Впрочем, император Александр обнадежил меня содействием гр. Витгенштейна и обещал присоединить к моей армии в мое распоряжение 34 000 Штейнгеля и 15000 Эртеля. С этими-то соединенными силами мы должны были ожидать Наполеона на правом берегу. В это же самое время Кутузов должен был атаковать его на левом берегу. Если бы план этот удался, Наполеон очутился бы между Кутузовым и нами, стесненный в болотах и лесах берегов Березины. Но Наполеон приближался, а о Кутузове и о генерале Витгенштейне, Тенгеле и Эртеле не было и слуху. Ни один из них не исполнил предполагаемого плана. Кутузов оставался позади; Витгенштейн же и Штейнгель двинулись по левому берегу, вместо того, чтобы, перейдя на правый и соединившись со мною, защищать переправу. Что касается до Эртеля, то он остался в Мозыре, под тем предлогом, что падеж скота помешал ему идти далее...

Все генералы мои были поражены неудобством моей позиции. Многие из них подавали даже мнение оставить ее и двинуться налево, к Лепелю, где предполагали найти армию гр. Витгенштейна. Несмотря на все эти опасения, я устоял против всякого предложения, несогласного с важною целью, которая состояла в том, чтобы удерживать мостовое укрепление у Борисова. Я велел исправить некоторые повреждения, сделанные в брешах во время атаки. Продолжив оборону, я надеялся дать Кутузову средство придти к Березине в одно время с Наполеоном, за которым он (как писал в своих реляциях) следовал по пятам. Мог ли я тогда вообразить себе, что он останется на Днепре в 25 милях назади, в то время, когда Наполеон подойдет к Березине! В ожидании прибытия наших войск, я весь день 11-го числа занимался наблюдением неприятеля, расположенного на левом берегу. Бивачные огни у него горели на большом пространстве, и сквозь облако дыма, покрывавшего горизонт, я мог заметить движение войск, которые этим средством и пожарами, произведенными на разных пунктах, может быть, хотели скрыть от меня настоящую численность и намерения. Я спокойно смотрел на эти движения и ожидал более определенных.
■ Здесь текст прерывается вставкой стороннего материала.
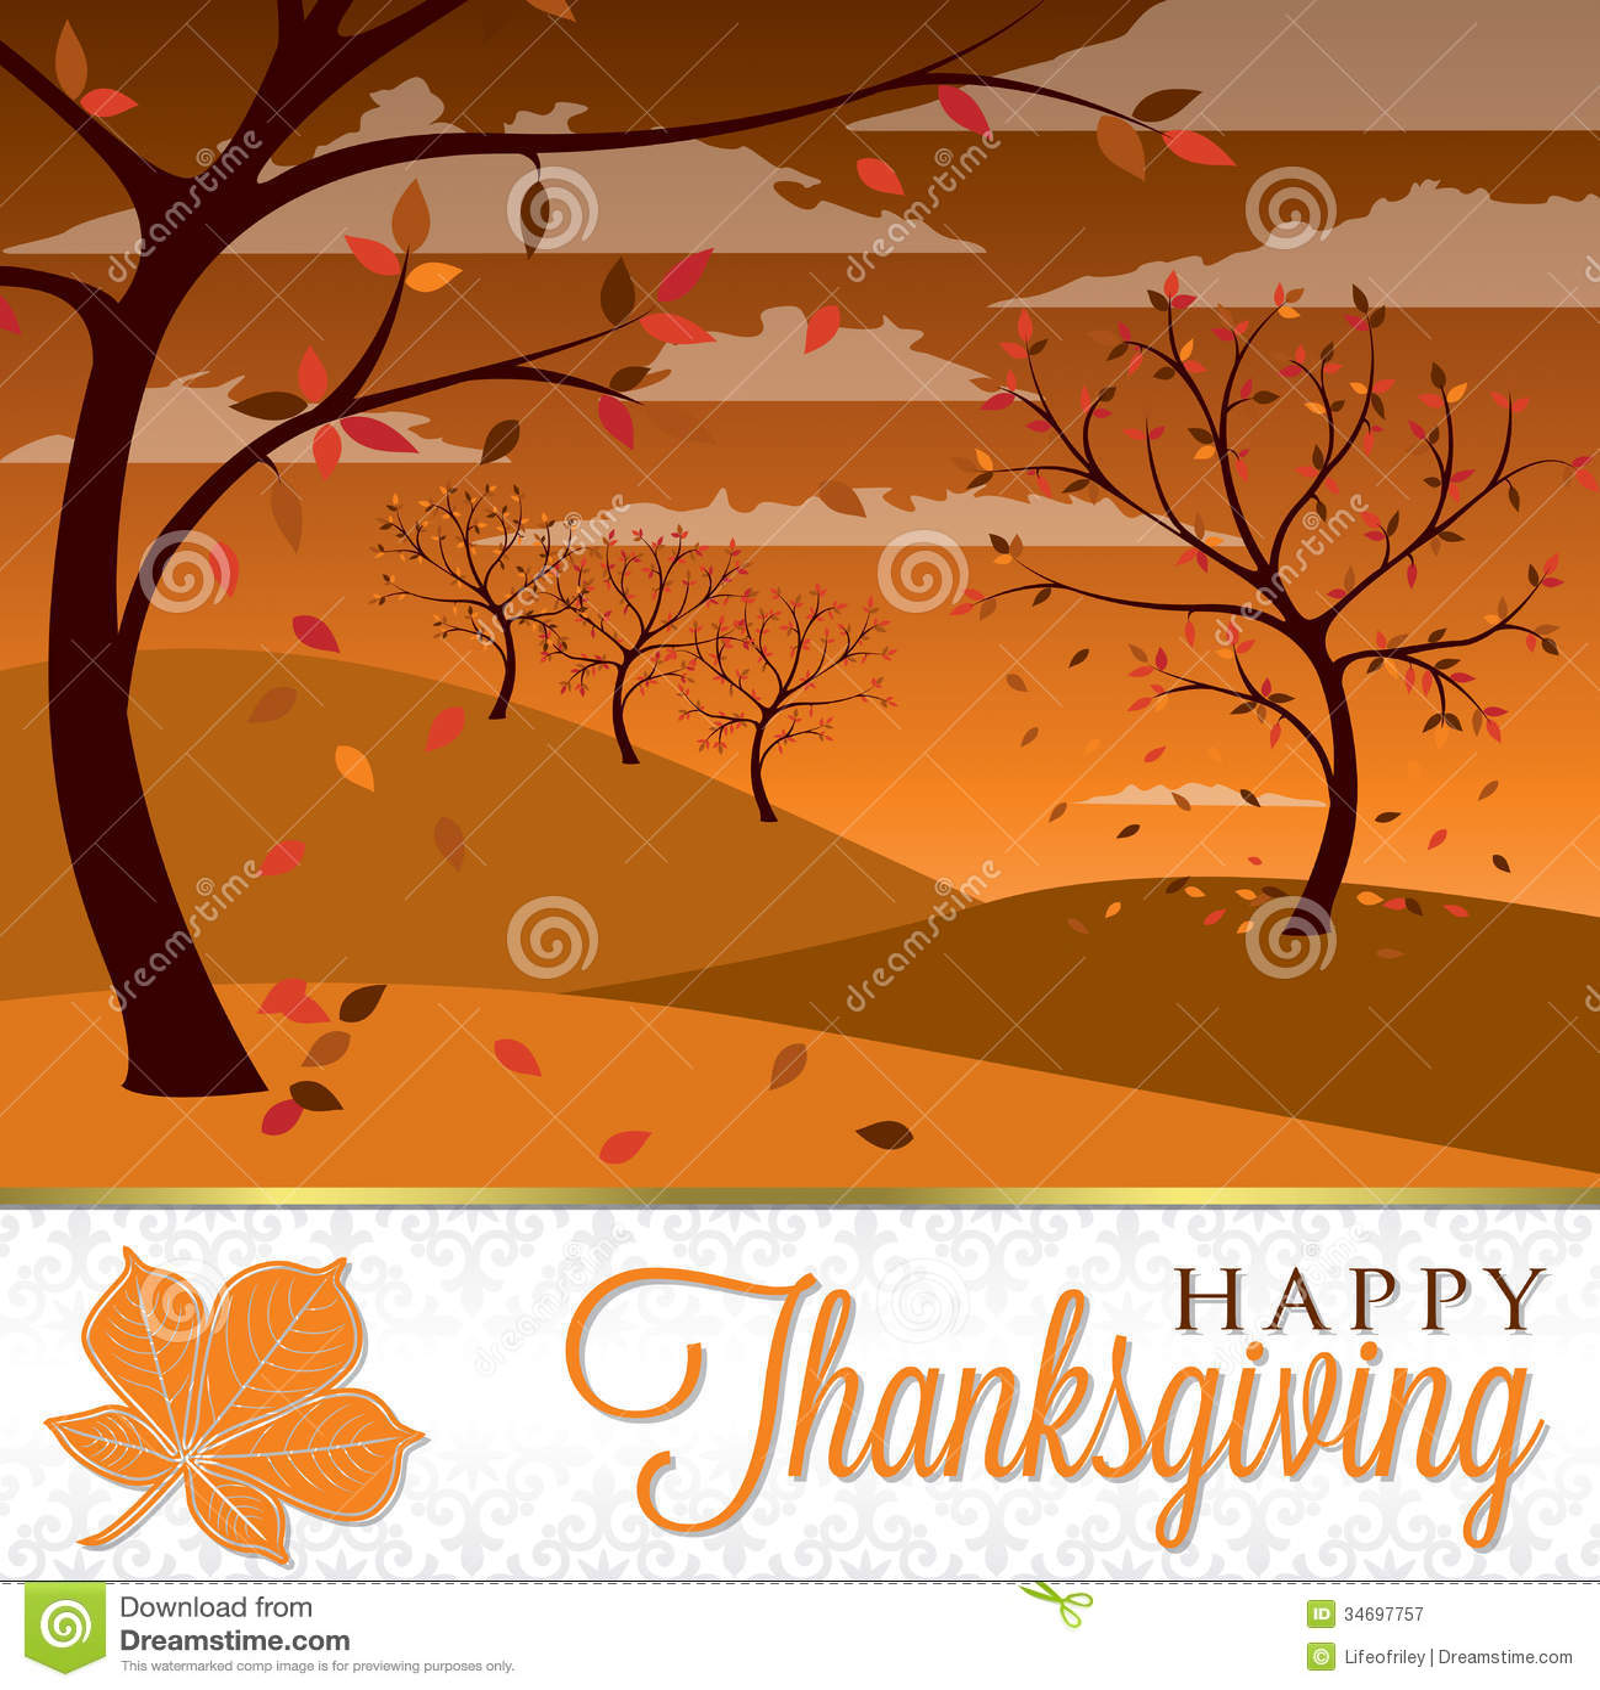 happy thanksgiving stock illustration illustration of elegant

Решившись поставить посты по берегу реки в надлежащих расстояниях один от другого и держать главные силы в центре, у Борисова и Веселова, я готов был идти, смотря по надобности, на угрожаемые пункты. Огромное зарево над неприятельскими биваками, виденное нами ночью, достаточно убеждало нас, что там было много войск. Они были заметны в трех или четырех разных местах.
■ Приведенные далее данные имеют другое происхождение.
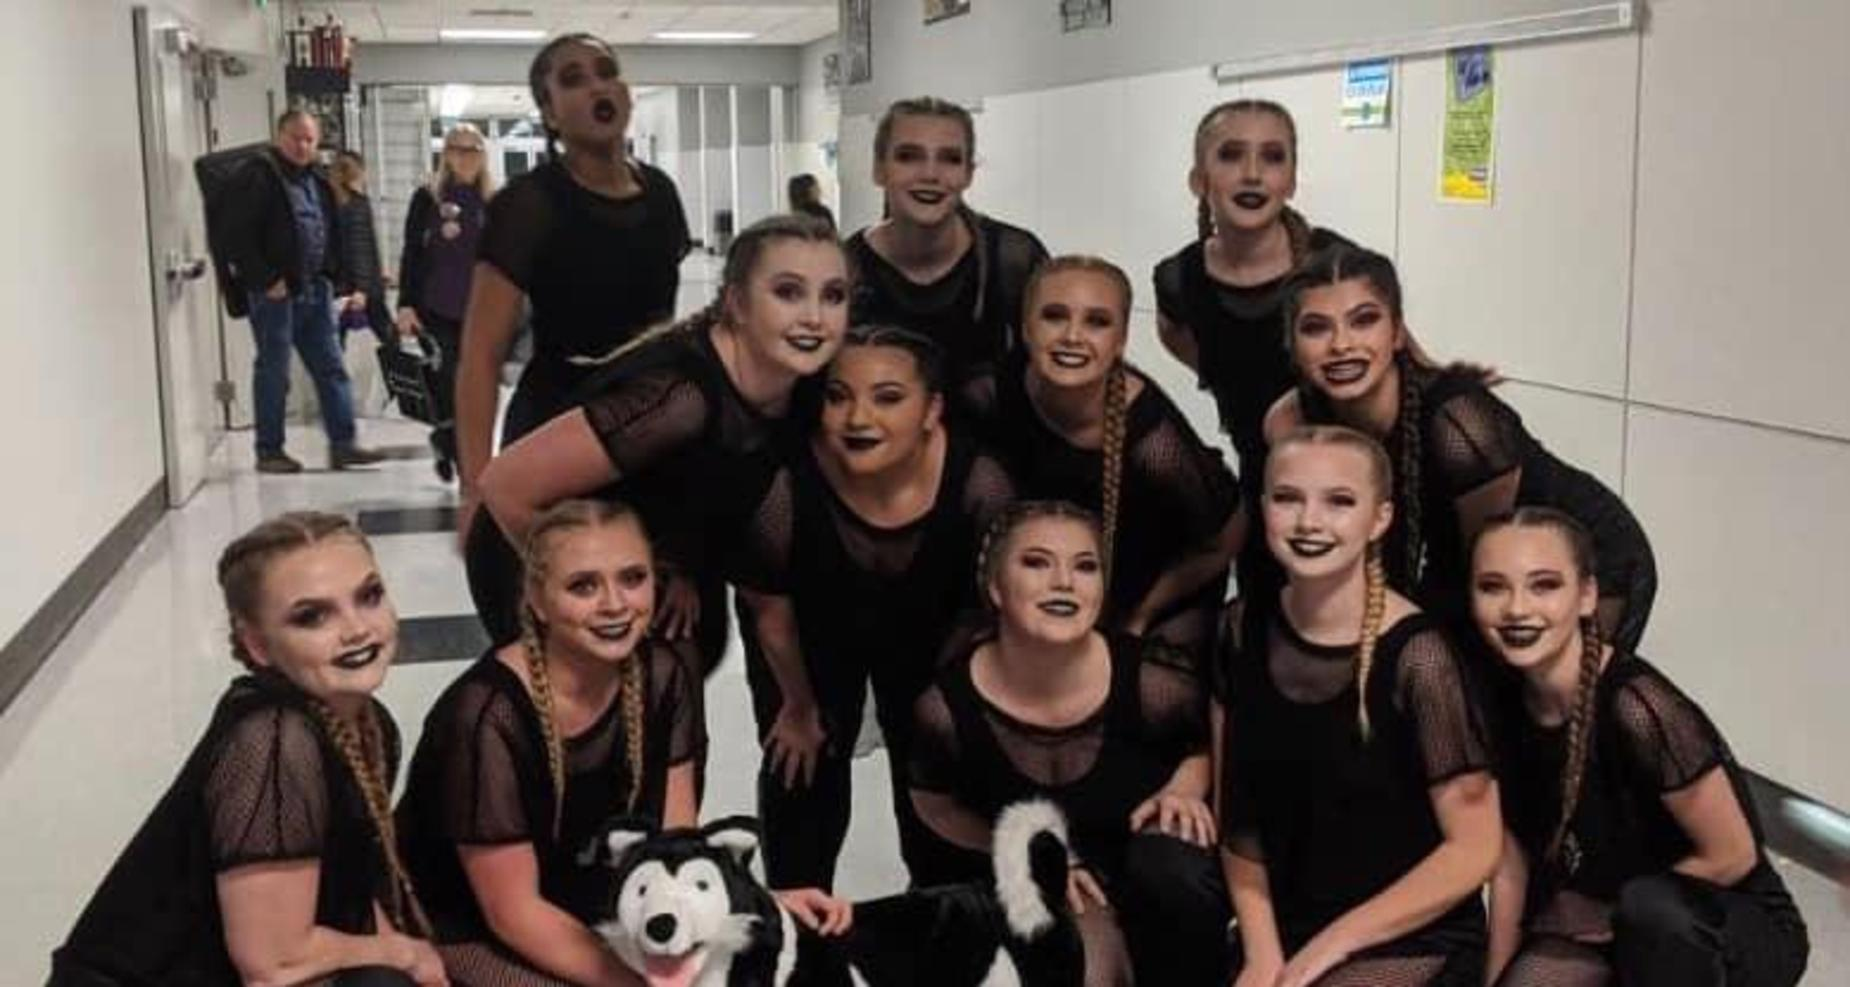 Dance team with Husky.

Хотя невероятно было, что Наполеон захочет переправляться через Березину у города Березина, потому что путь этот был дальнейший и подвергал его опасности столкнуться с нашею большою армией, которая должна была следовать на его фланг; по со всем тем, я не мог себе дозволить не обращать внимания на предписание главнокомандующего, тем более, что его предположения подтверждались известиями, доставленными Витгенштейном и Кнорингом. Кроме того, Наполеон мог желать взять направление немного к югу, для того, чтобы в неистощенных еще уездах прокормить голодных солдат своих, которые шли от самой Москвы по дороге, опустошенной войсками. Вследствие сего я подумал, что Наполеону весьма удобно оставить два небольшие корпуса, один против Витгенштейна, чтобы прикрыть свое движение, а другой, чтобы удержать меня у Борисова: тогда бы он пошел на Бобруйск, а князь Шварценберг мог бы поспеть вовремя, чтобы защищать переправу его и прикрывать отступление. Отсутствие Кутузова, казалось, оправдывало эти догадки. Реляцией извещали, что он почти уничтожил неприятельскую армию, а прежние бумаги уведомляли, что он следовал за нею по пятам. А между тем французы четыре дня уже стояли передо мною, а Кутузов не показывался. Я не мог иначе истолковать его отсутствия, как предположением, что Наполеон изменил маршрут свой и что Кутузов преследует его по другому направлению.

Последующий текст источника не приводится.